Thursday, November 10, 2016

Sometimes the hardest part about being a writer is reaching the end of the workday and feeling like I wasted my time.

I had a very productive day: wrote 11 pages, did some key research, outlined another project and even organized the top of my desk…yet when I stopped work for the day I felt a sense of incompleteness.

As authors we are encouraged to feel satisfaction and accomplishment from showing up every day at our computers and putting even a few words on the page. I wonder if there are other authors who often leave their desk frustrated or filled with fear they are wasting their time and cheating their families from a “real paycheck?”

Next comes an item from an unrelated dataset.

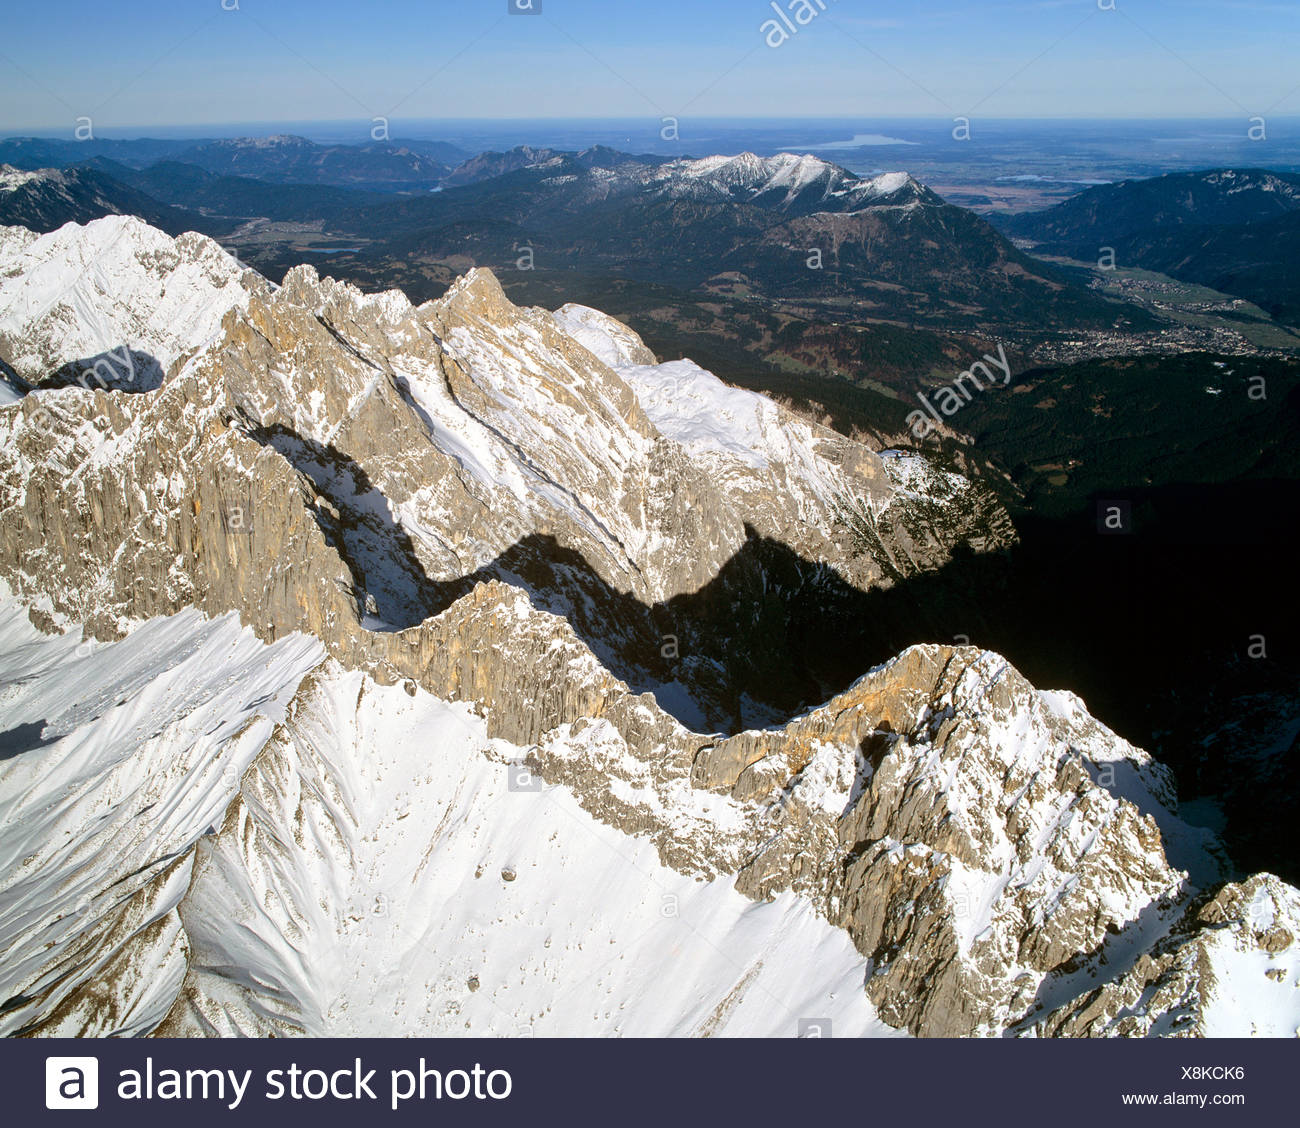 Wetterstein main ridge, left hand Oberreintalschrofen, Scharnitzspitze and Schuesselkar, left hand Loisachtal, Wettersteingebir - Stock Image

I stood in front of our family room window after work today, sipping decaf coffee watching a new neighbor building their home. Excavators were digging a septic system. Concrete workers prepared the garage floor to be poured, while others sealed the concrete basement so it could be backfilled.

Watching these hardworking people I knew they would go home feeling they accomplished something. The house wasn’t complete, just like my novel wasn’t complete. So why can’t I feel their sense of having worked hard today.

My conclusion is this: First, they are being paid every day for their accomplishment. Second, they have bosses and co-workers telling them (hopefully regularly) job well done.

I love what I do, but I enter each day not knowing if the work I do today will ever generate interest or income. Quite frankly, most of us need income. And that income is also a validation of our efforts, paid to most, daily, weekly or bi-weekly.  Even writers earning a decent income can’t be sure what they write will be accepted as payment worthy.

And honestly, the only “person” telling me good job at the end of the day is my cat. He feels MY day is worthwhile if I allowed him to sit on my hands while I attempt to type, and if I let him walk all over my notes and mix them up. Today, he gave my chin an extra head bump reward because I successfully kept typing while his tail moved across the keyboard and his paws stepped on the mouse pad.

I’ve read the books telling writers if you write 500 words each day you are succeeding. Plus, all the other seminar-style, ego boosting statements to help writers feel good about our production, and not beaten up when we can’t write anything more than our name at the top of the page. My intellectual brain buys it; but my Xanax eating, wine guzzling, brain doesn’t.

Some days we just need an atta-girl and a paycheck. This life definitely isn’t for everyone, which is where the Xanax and wine come in really handy.